Different audiences engage with sci-fi for different reasons. And, indeed, I think you could count this kind of "crunchy" hard sci-fi to almost be a different genre (another great example is The Martian, whose author has joked with the authors of The Expanse that their stories take place within the same fictional timeline).

Where I get a bit defensive, though, is when people claim that this form of science fiction is inherently superior.

When Gene Roddenberry created Star Trek, he was less interested in the technological ideas behind it than the sociological ones. He wanted to address things like racism and the Cold War in a metaphorical way that allowed him to raise issues that were considered too controversial for the time. Additionally, he wanted to portray a positive vision of the future, which included egalitarianism around race and gender. As someone who was born about 20 years after Star Trek first came on the air, it never seemed that revolutionary that there was a black woman who was one of the senior officers on the Enterprise, but for the 1960s, that was a pretty big deal (to be honest, though, I think that growing up in a household that held similar values to the ones expressed by Star Trek, I didn't realize that it was, in fact, still a bit revolutionary in the 1980s).

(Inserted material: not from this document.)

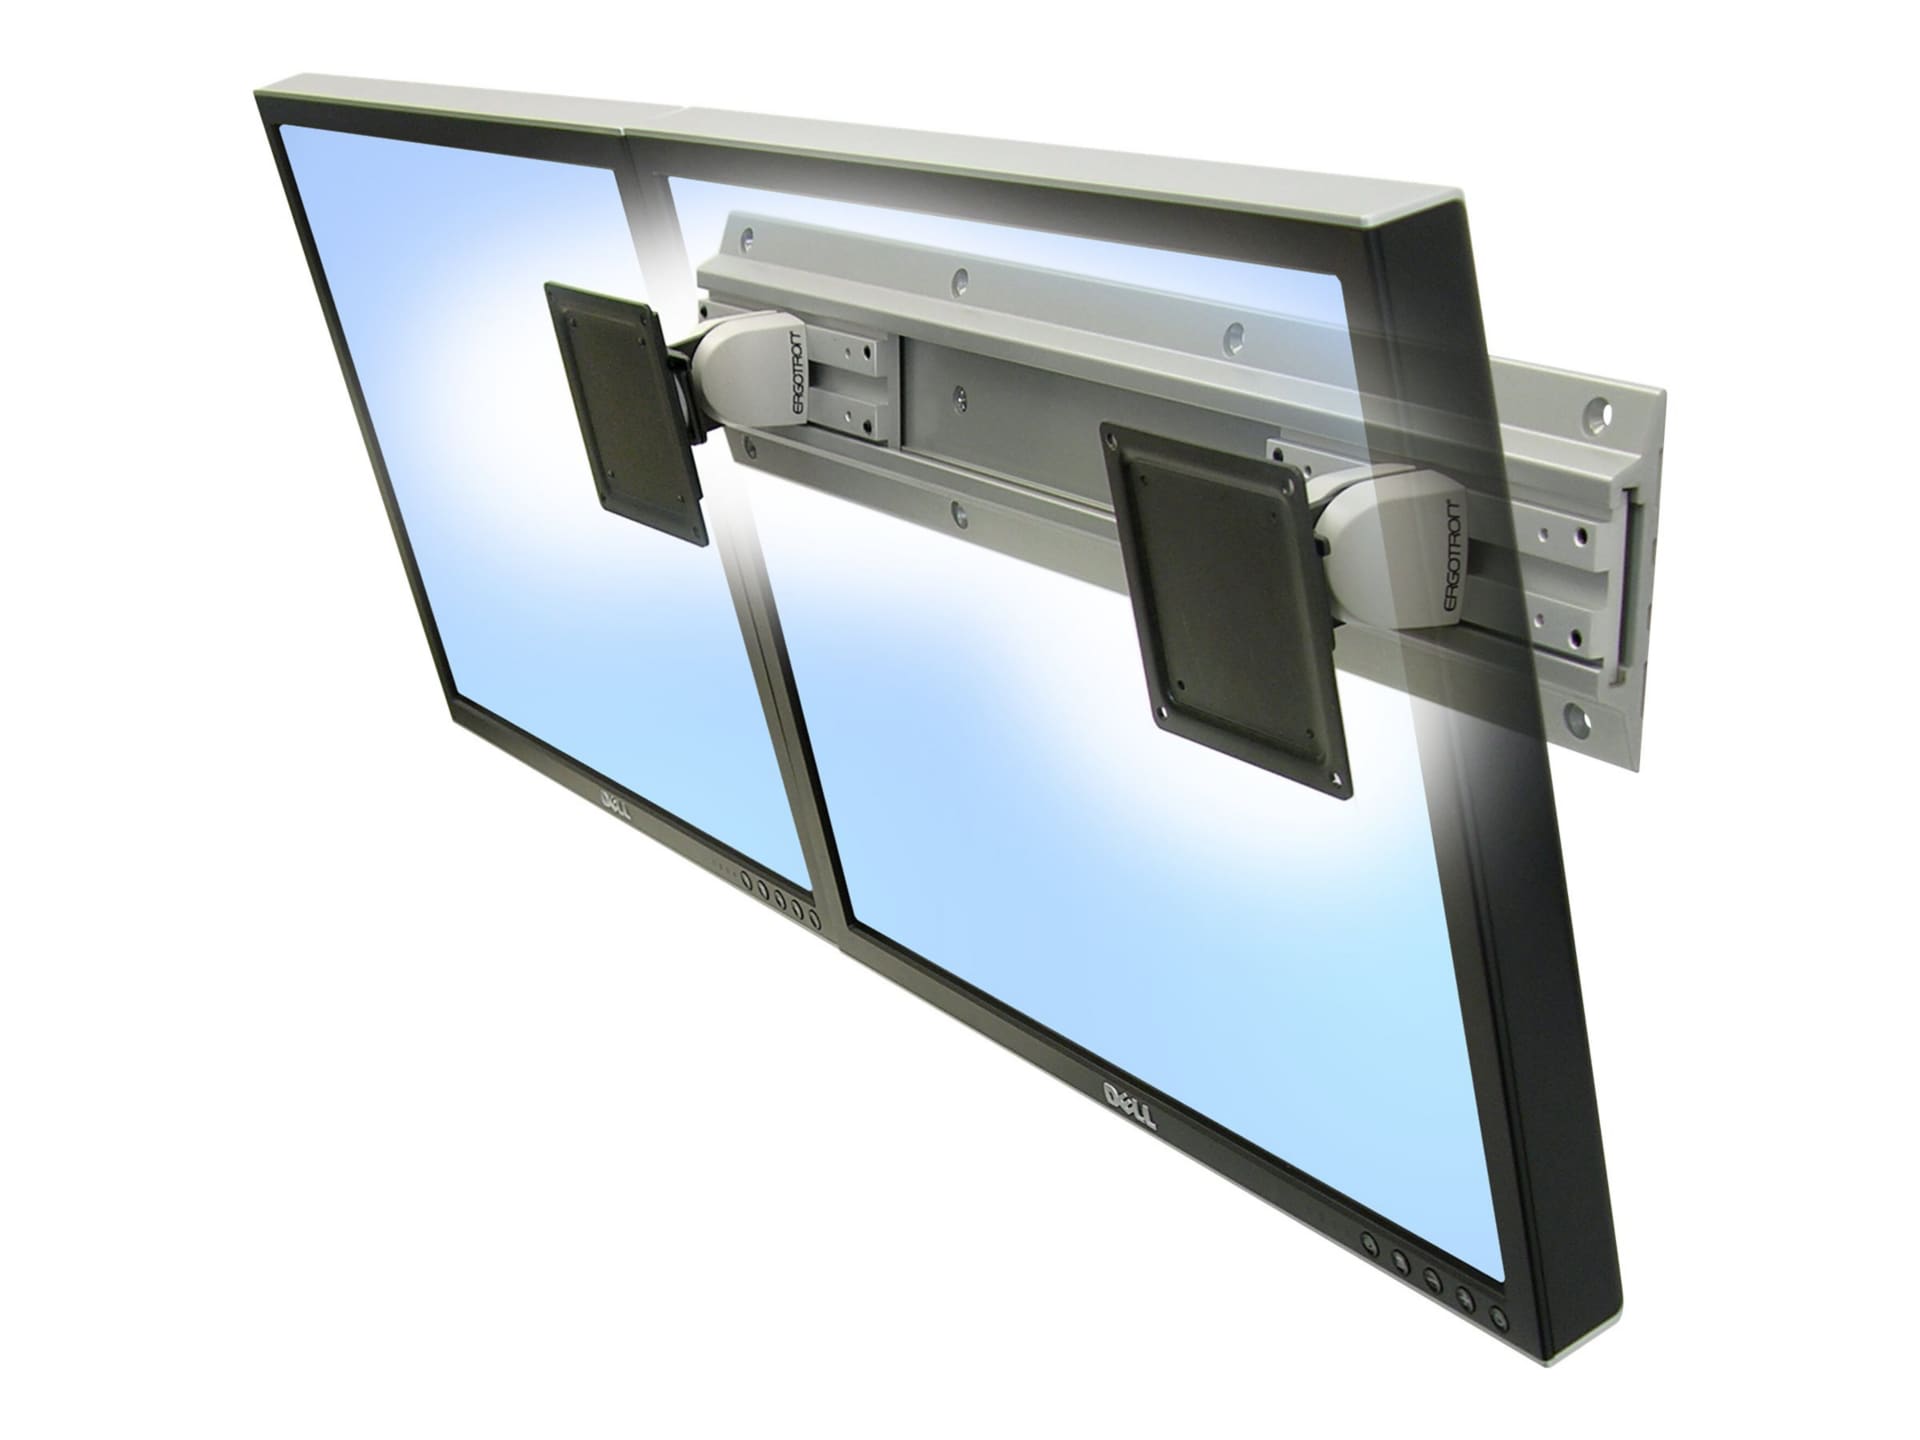 Ergotron Neo-Flex mounting kit - low profile - for 2 LCD displays - gray, b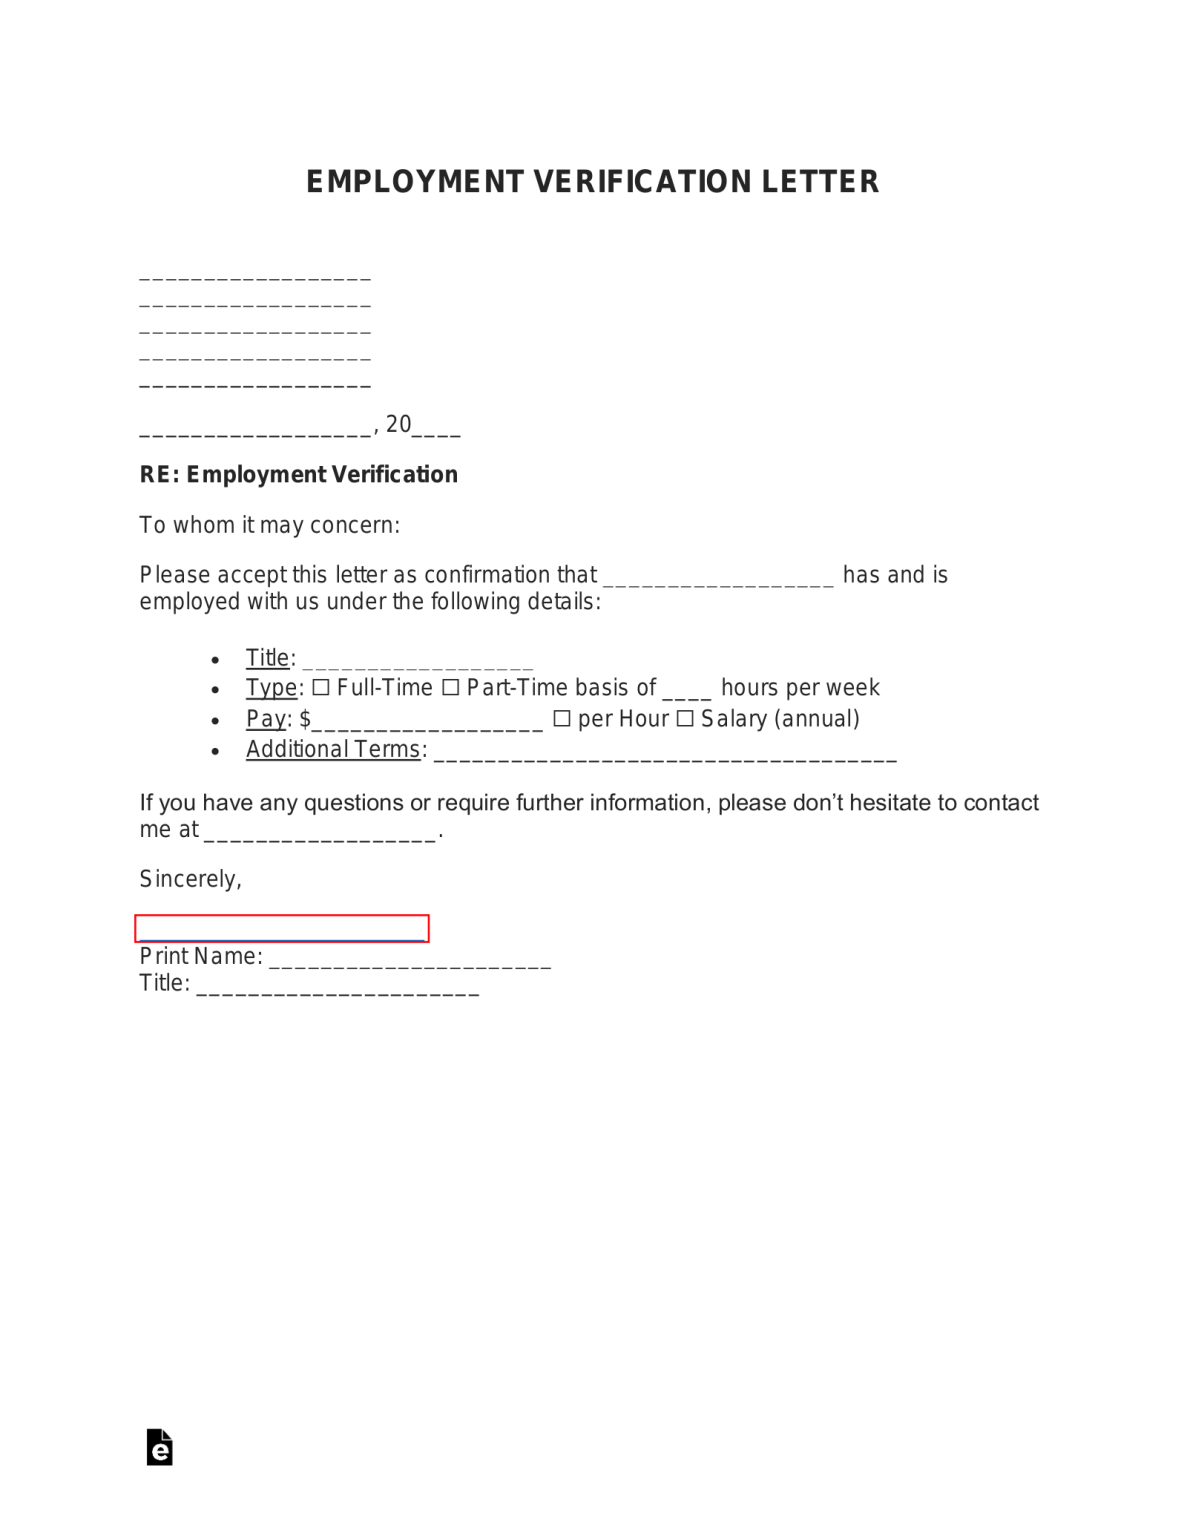 employment-verification-request-form-template-printable-printable

In Star Trek, many of the aliens that the crew of the Enterprise meet are very human-like. Some look identical or near-identical to humans, and many look like humans but with prosthetics (the design of the Klingons shifted significantly in the third Star Trek movie, making them look somewhat more alien with the ridged foreheads).

Now, I think most people think that if there are aliens out there (and given the size of the universe, it's not at all irrational to think that there are) the likelihood of their looking anything like us is profoundly small. So, the idea of human-like aliens is typically considered a "soft sci-fi" trope.

But it serves a purpose - aliens in hard sci-fi are usually depicted as extremely mysterious, if they're even depicted at all. Humanoid aliens, though, allow us to imagine new cultures that are different than our own but nevertheless revolve around the same basic experience and needs. Mind you, Star Trek does have plenty of truly alien aliens - weird slimes, intelligent crystalline structures, etc., but by allowing for a somewhat bigger leap of logic than the existence of The Expanse's Epstein Drive, it allows them to tell stories that you couldn't do if you tried to keep things extremely hard.

 I think that ultimately, hard science fiction is ultimately just a methodology for maintaining the willing suspension of disbelief. All fiction relies on this, and it's a nuanced thing. Just as we might be pulled out of a story by a character acting in a way that seems contrary to what we've learned about them so far (except when that's a deliberate reversal within the drama) we might be pulled out of a narrative when an element of the fictional reality becomes too unbelievable.

I had a moment like this when watching one of the early episodes of Fringe - a show from about a decade ago that I think was meant to be the next Lost (it was created by J. J. Abrams) but never took off in popularity. I actually wound up liking the show once it got over some of its awkwardness in the first season. But there was an episode in which a group of women give birth to babies who swiftly age into full-grown adults and then die of old age within minutes.

I remember feeling pulled out of this because it occurred to me that a person only grows in size because, you know, they take on matter through eating. These babies were ballooning to adult size without any clear source of material.

My friend Tim poo-poo'd this criticism with a trope he likes to call "A Magic Carpet Could Never Turn a Corner Like That at That Speed," i.e. a needlessly picky critique applying real world logic to a fantastical situation. But I do think that the somewhat (somewhat) more grounded sci-fi the show was trying to portray itself as having put my criticism within reasonable grounds.

The point is that you set up an expectation in the audience as to how critical we should be of its realism. Human-looking aliens showing up in The Expanse is a pretty huge stretch, but it's to be expected in Star Trek.